GetFeedback(status?, suggestions?, intercepts?) — Returns a combined response with current status, coaching suggestions, and/or the intercept log. All params default true. Reads state.json and intercept.log.
File layout¶
src/kibitzer/
├── session.py KibitzerSession + CallResult — the Python API
├── docs.py DocSection, DocResult, DocRefinement — doc pipeline types
├── failure_modes.py Shared failure mode taxonomy (7 modes + hint map)
├── store.py KibitzerStore — SQLite event log (append, query)
├── config.py Loads config.toml (defaults + project-local merge)
├── state.py Reads/writes .kibitzer/state.json
├── guards/
│ └── path_guard.py check_path(file_path, mode_policy) → PathGuardResult
├── interceptors/
│ ├── base.py InterceptMode enum, Suggestion dataclass, BaseInterceptor
│ ├── registry.py build_registry() — loads plugins for installed tools
│ ├── blq.py Test/build command interception
│ ├── jetsam.py Git command interception
│ └── fledgling.py Search/navigation interception
├── controller/
│ └── mode_controller.py update_counters(), check_transitions(), apply_transition()
├── coach/
│ ├── observer.py detect_patterns(state) — mode-aware pattern detection
│ ├── suggestions.py should_fire(), generate_suggestions() — frequency + dedup
│ ├── fledgling.py Query fledgling for conversation analytics (Python API + CLI fallback)

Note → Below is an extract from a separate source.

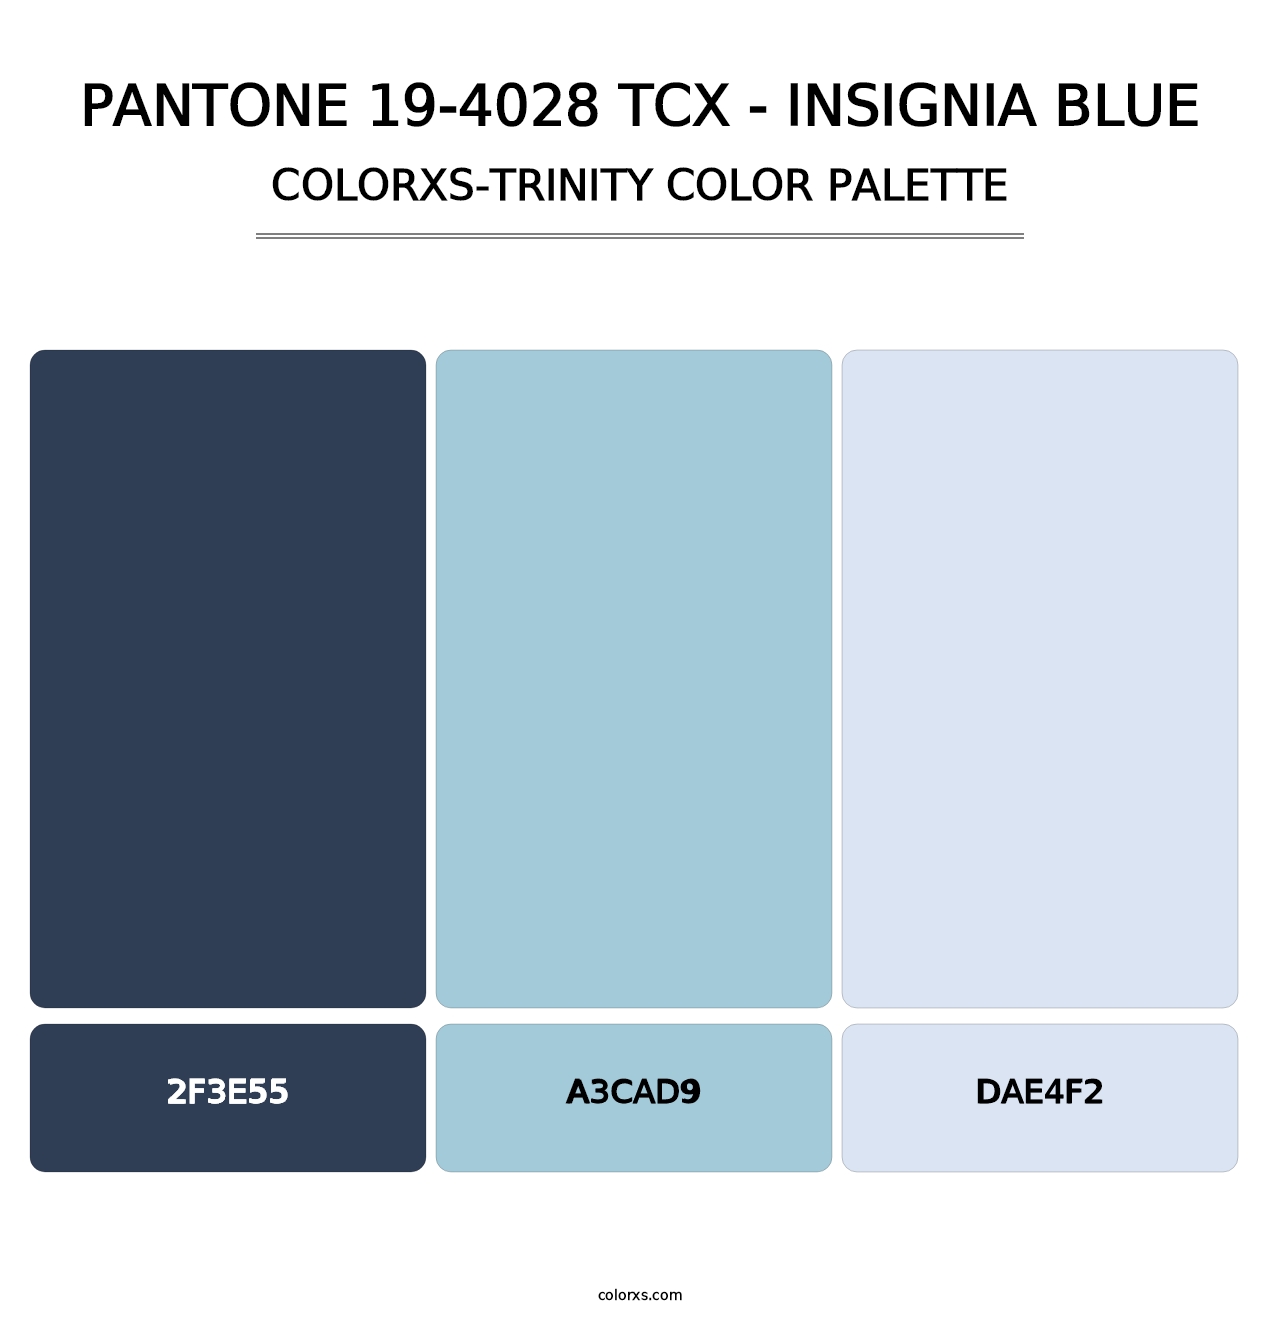 PANTONE 19-4028 TCX - Insignia Blue - Colorxs Trinity Palette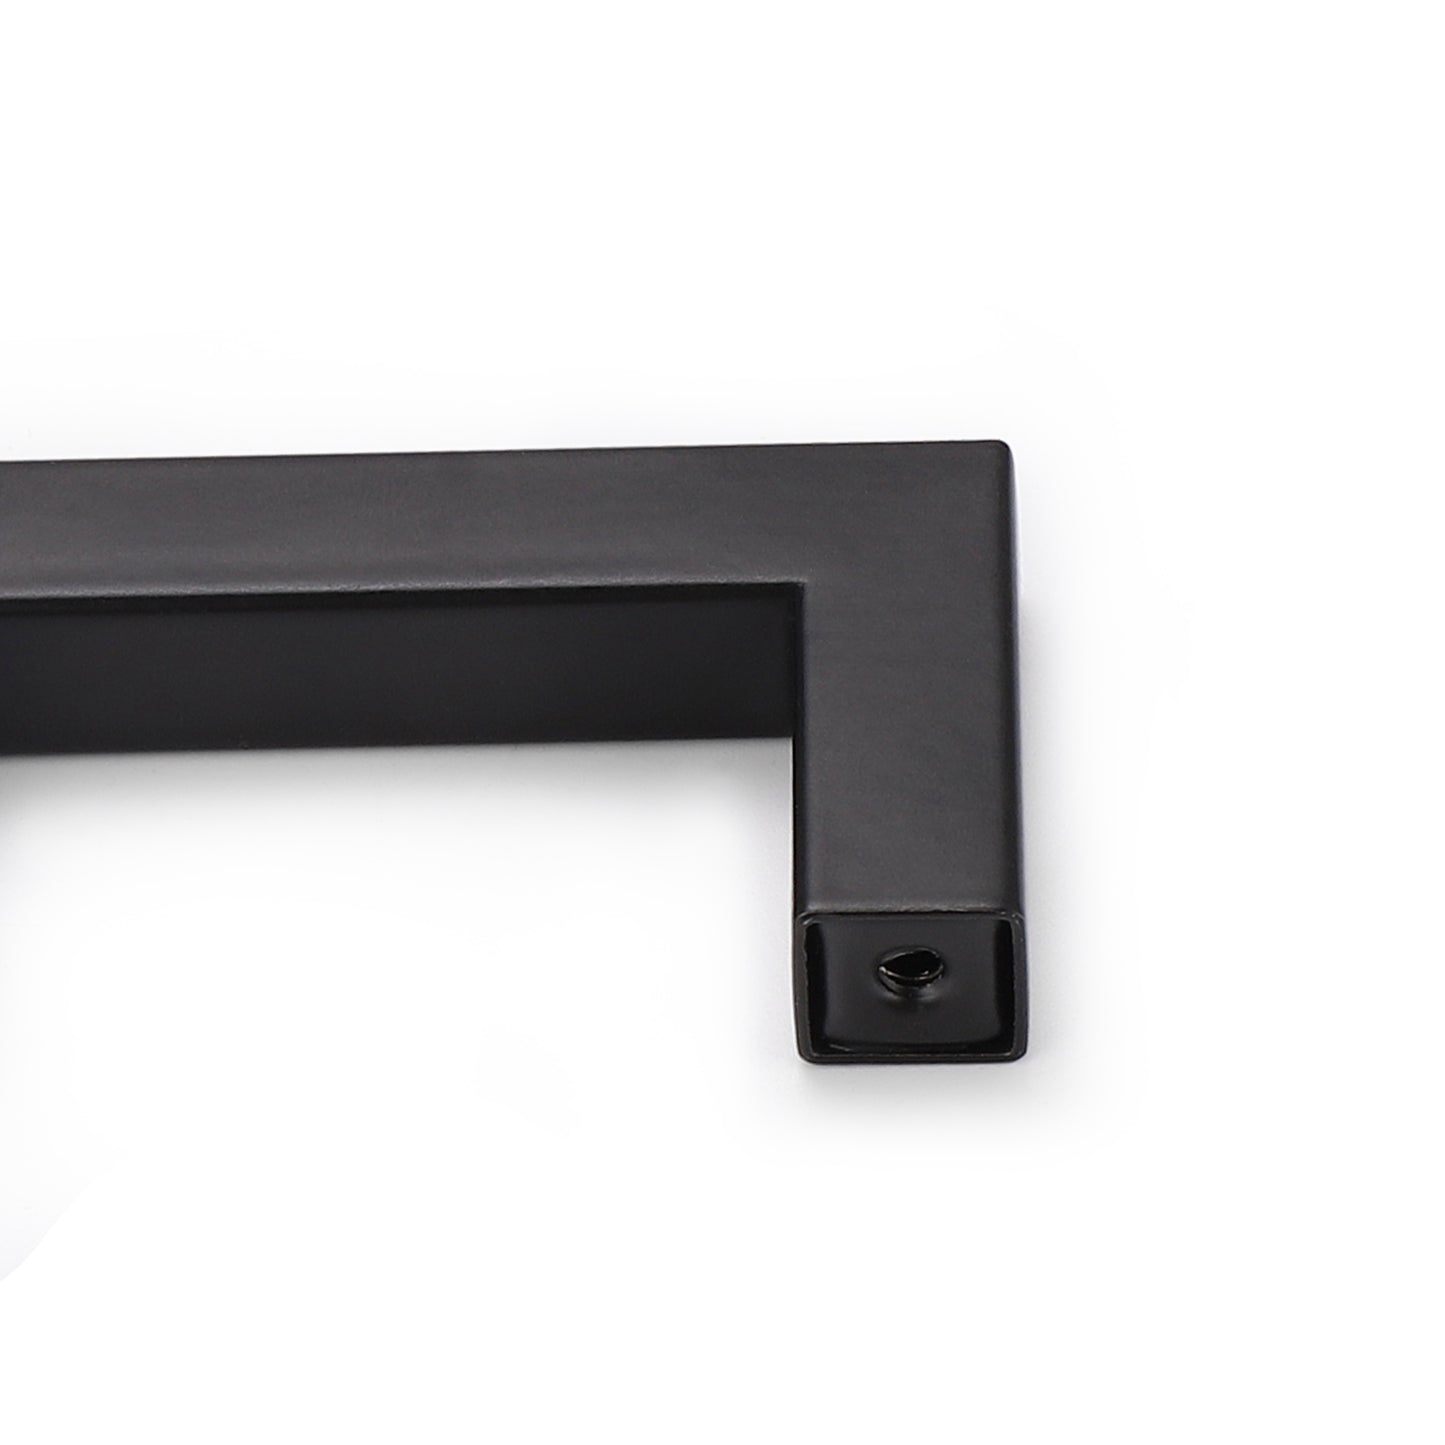 1/2" Square Cabinet Handles Black Finish 160mm 6 3/10inch Hole Centers PDDJS12HBK160 - Probrico

│ └── tools.py Discover available tools from .mcp.json for tailored suggestions
├── hooks/
│ ├── pre_tool_use.py Thin wrapper: KibitzerSession → before_call → hook output
│ ├── post_tool_use.py Thin wrapper: KibitzerSession → after_call → hook output
│ └── templates.py Generates bash hook scripts for .claude/hooks/
├── umwelt/
│ ├── vocabulary.py register_kibitzer_vocabulary() — properties on state.mode
│ └── consumer.py PolicyConsumer — wraps PolicyEngine for kibitzer queries
├── mcp/
│ └── server.py Thin wrapper: delegates to KibitzerSession
├── cli.py Click CLI: init, serve
└── config.toml Default configuration
Grade¶
Kibitzer is level 1 — specified mutations over structured data:
- Path guard: reads mode (JSON), checks path against a prefix list, allows or blocks
- Mode controller: reads counters, compares to thresholds, updates mode
- Coach: reads counters, detects patterns, formats suggestion strings
- Interceptors: matches bash commands against string patterns, returns suggestions
No computation channels. No trained judgment. Every decision is traceable to a specified rule in config.toml.